I have a mild preference for minimizing the number of expression node
types.  If we can represent two similar kinds of expressions with one
node type instead of two, we roughly halve the amount of overhead code
needed.

My inclination would be to divvy things up on the basis of the kinds
of things to be compared, so we'd have these classes of nodes:

1. Test a single <row value expression>; this would cover
        <null predicate> ::=             <row value expression> IS [ NOT ] NULL

2. Compare two <row value expressions>; this would cover
        <comparison predicate> ::=             <row value expression> <comp op> <row value expression>
        <distinct predicate> ::=             <row value expression> IS DISTINCT FROM <row value expression>
  (OVERLAPS is a special case that should remain separate, IMHO)
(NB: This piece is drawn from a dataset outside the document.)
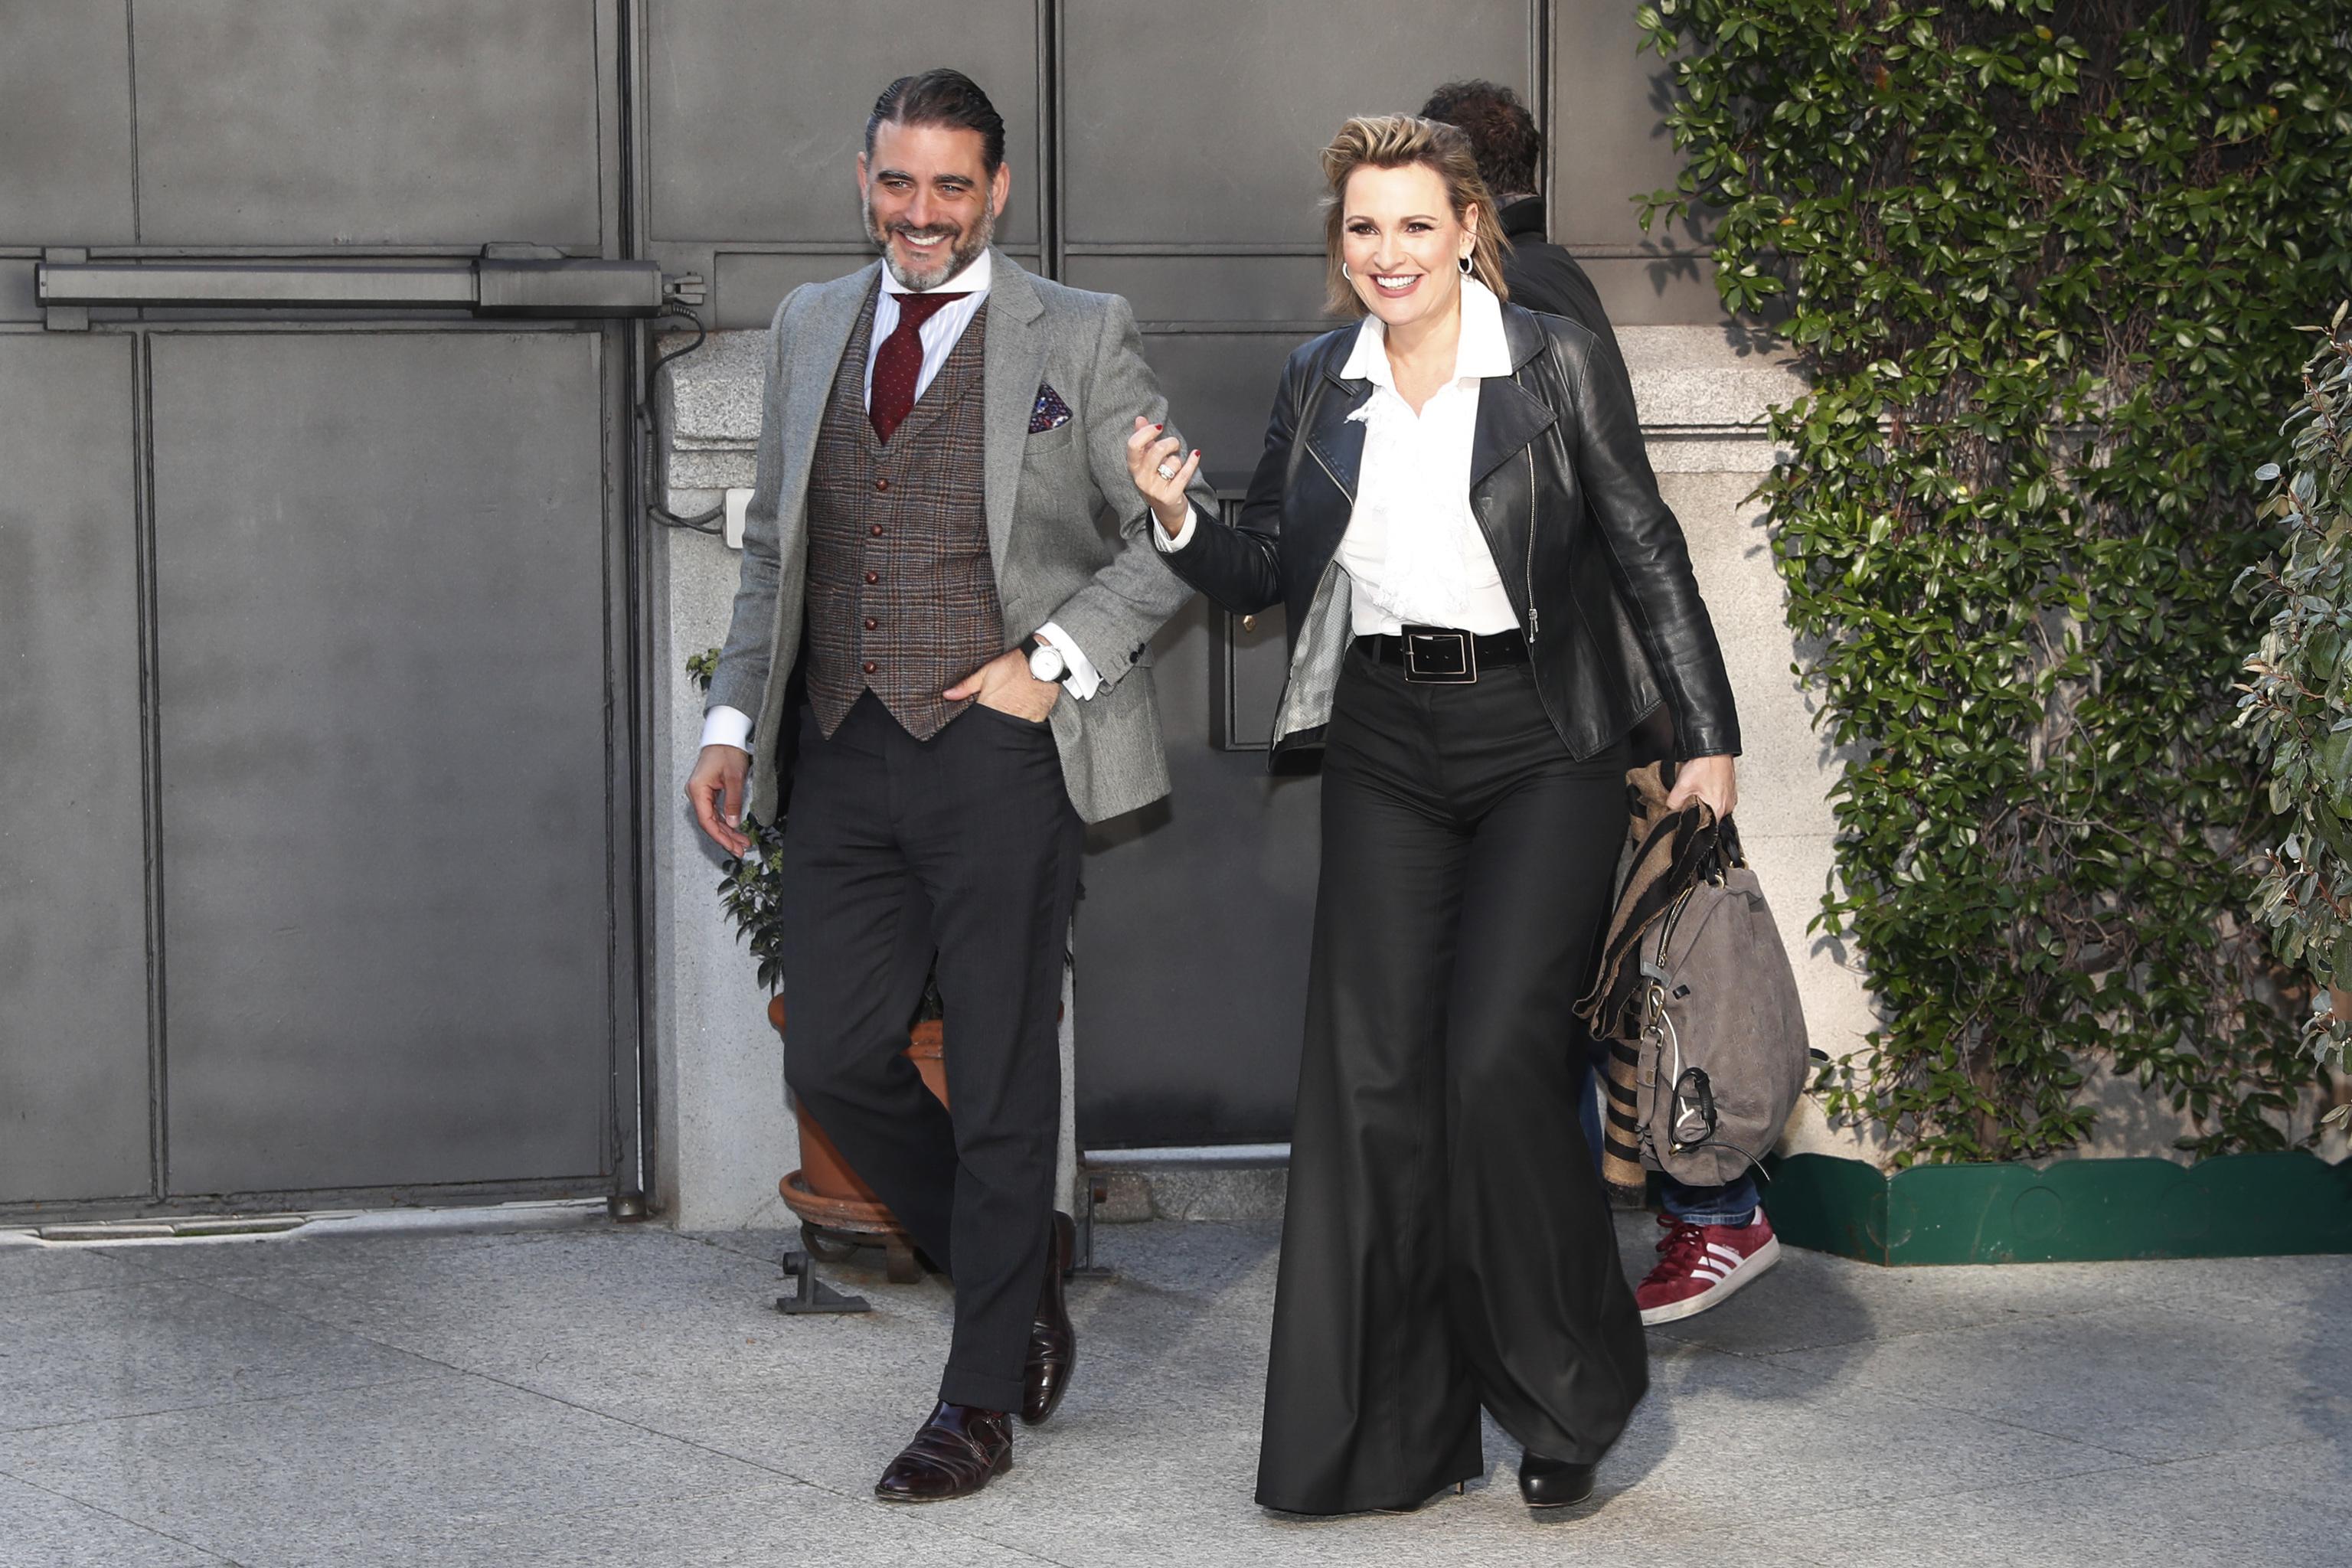 MatÍas Urrea y Ainhoa Arteta en un acto en Madrid.

3. Compare three <row value expressions>:
        <between predicate> ::=             <row value expression> [ NOT ] BETWEEN               [ ASYMMETRIC |
SYMMETRIC]               <row value expression> AND <row value expression>
 

4. Compare a <row value expression> to a list of <row value expressions>:
        <in predicate> ::=             <row value expression>               [ NOT ] IN <left paren> <in value list>
<rightparen>
 
        <in value list> ::=             <row value expression> { <comma> <row value expression> }...

5. Compare a <row value expression> to the outputs of a <subquery>:
        <in predicate> ::=             <row value expression>               [ NOT ] IN <table subquery>
        <quantified comparison predicate> ::=             <row value expression> <comp op> <quantifier>
<tablesubquery>
 
        <match predicate> ::=             <row value expression> MATCH [ UNIQUE ]             [ SIMPLE | PARTIAL | FULL
]                <table subquery>
 

Case 5 corresponds exactly to the existing SubLink node type (although
it's missing the MATCH options at the moment, and doesn't implement all
the <comp op> cases it should).

The spec intends all of these constructs to include the case where the
<row value expression> is a single scalar expression.  I'm feeling
ambivalent about whether we should have the same node type or different
ones for the single-value and row-value cases.  For SubLink we currently
handle single-value and row-value left hand sides with the same code,
and that seems fine.  For <comparison predicate> I definitely *don't*
want to burden scalar comparisons with row-value overhead, so we need
two separate representations for that.  The other cases seem to be on the
borderline.  We don't currently have scalar-case node types for these,
except for NullTest, so new node-type coding is needed anyway --- it
could be either a separate scalar node type or merged with the row-value
case.  No strong preference here, but slight leaning towards merging.

> Using the SubLink node does not seem quite right because IS DISTINCT
> FROM does not seem to make sense with an embedded select as one of the
> arguments, but maybe it does??

I agree it doesn't make sense.  However, we should look at SubLink and
see if we can't clean it up and maybe share some code.  For all of the
cases that compare rows, you need to have a list of the appropriate
scalar comparison operators to use for each column.  The way SubLink
does that is pretty ugly (especially its use of a modifiable Const node).
Let's see if we can't improve that before we copy it ;-).  I'm thinking
that the expression tree itself ought to contain just a list of Oper
nodes dangling from the SubLink or row comparison node.  We'd need an
alternate entry point similar to ExecEvalOper/ExecMakeFunctionResult
that would accept two Datum values rather than a list of subexpressions
to evaluate, but that seems very doable.
        regards, tom lane